At a layer the following structure $a(Wx + b)$, where $W$ are called weights and $b$ bias and $a$ ist the activation function. According to these 3 ingredients there are three types of [regularizations in Keras](https://keras.io/regularizers/):
* Kernel regularizer: act on $W$
* Bias regularizer: act on $b$
* activation regularizer: act on (output of) $a$

*Questions:*
* How are these 3 regularizers combined


### Keras Backend
* Keras ist compatible with [various backends](https://keras.io/backend/) (tensorflow, theano, CNTK)
* Mathematical calls via the backend ensure consistency. 
* This is mainly used for custom regularization functions or loss functions
```
import Keras.backend as K
K.sum(x)
```
instead of the tensorflow specific call 
```
tf.math.reduce_sum(x)
```

### Costum Layers
* [Dokumentation](https://keras.io/layers/writing-your-own-keras-layers/)

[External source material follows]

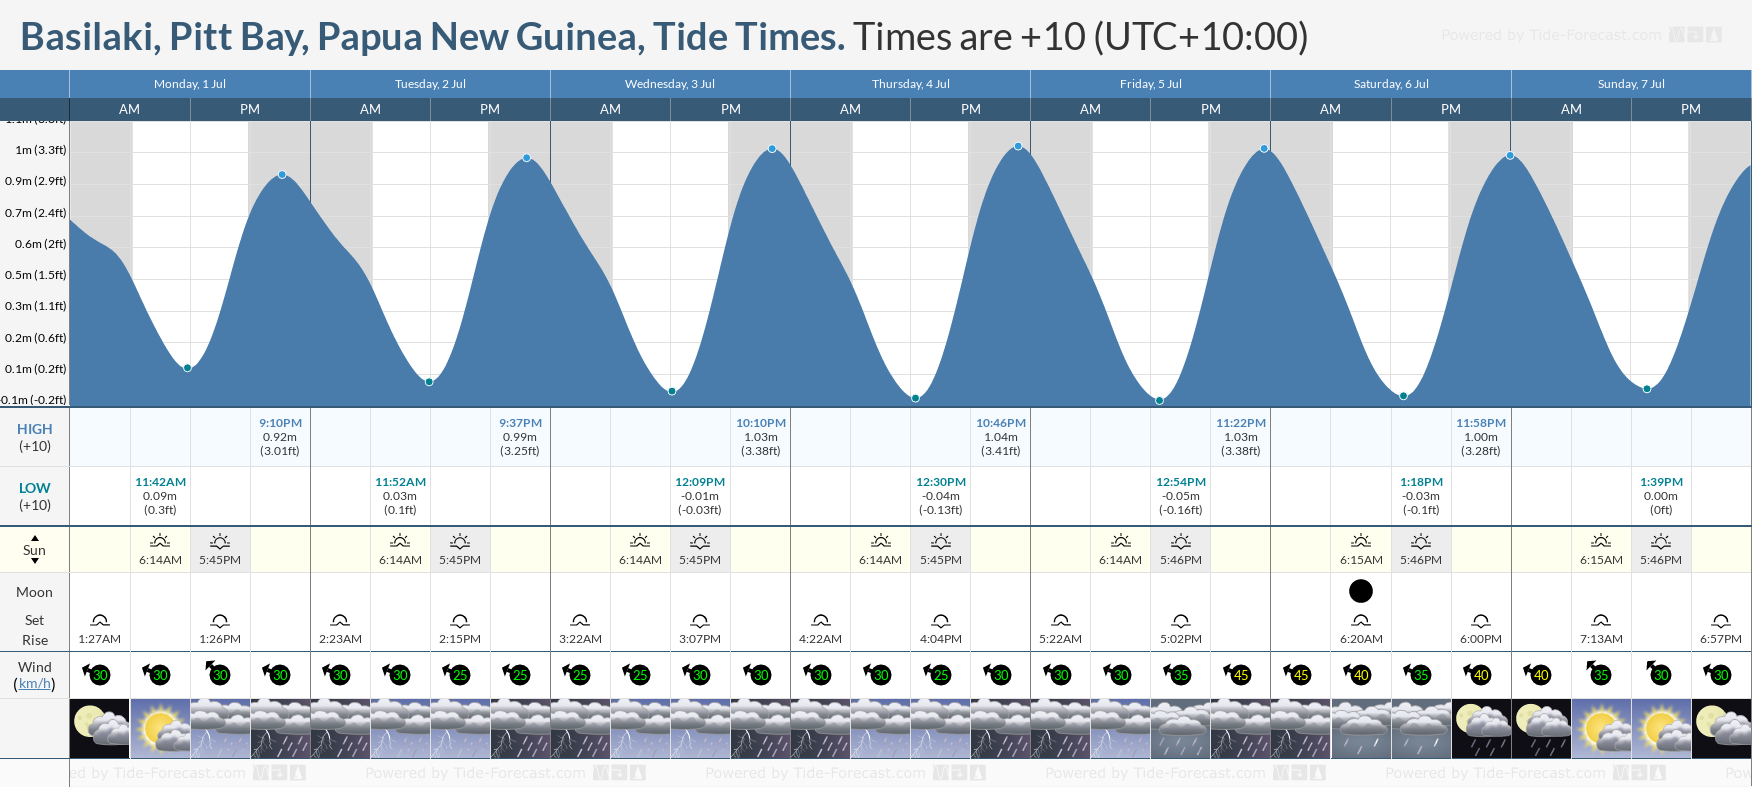 Tide Times and Tide Chart for Basilaki, Pitt Bay

### Costum Regulariziations
* [Dokumentation](https://keras.io/regularizers/)
* Each of the 3 regularizers can be implemented manually and then passed to keras
* How is a regularizer implemented that combines e.g. weights and biases in a non-additive fashion?
* Signature for weight regularization
`def regularizer(weight_matrix) -> float:`
* Example

```
from keras import backend as K

def l1_reg(weight_matrix):
    return 0.01 * K.sum(K.abs(weight_matrix))

model.add(Dense(64, input_dim=64,
                kernel_regularizer=l1_reg))
```
And similar for bias and activation regularization functions. 

**Question:**
How to write regularization functions that take e.g. both weights and biases as input and operate in non-addidtive fashion.


### Custom Loss functions
* Apart from the [available loss](https://keras.io/losses/) functions in Keras it is possible to construct costum ones
* The have to obey the signature `def regularizer(y_true, y_pred) -> float:`
* So it takes the true and the predicted labels as input.

**Question:**
How to write loss functions that also depend on the layer weights?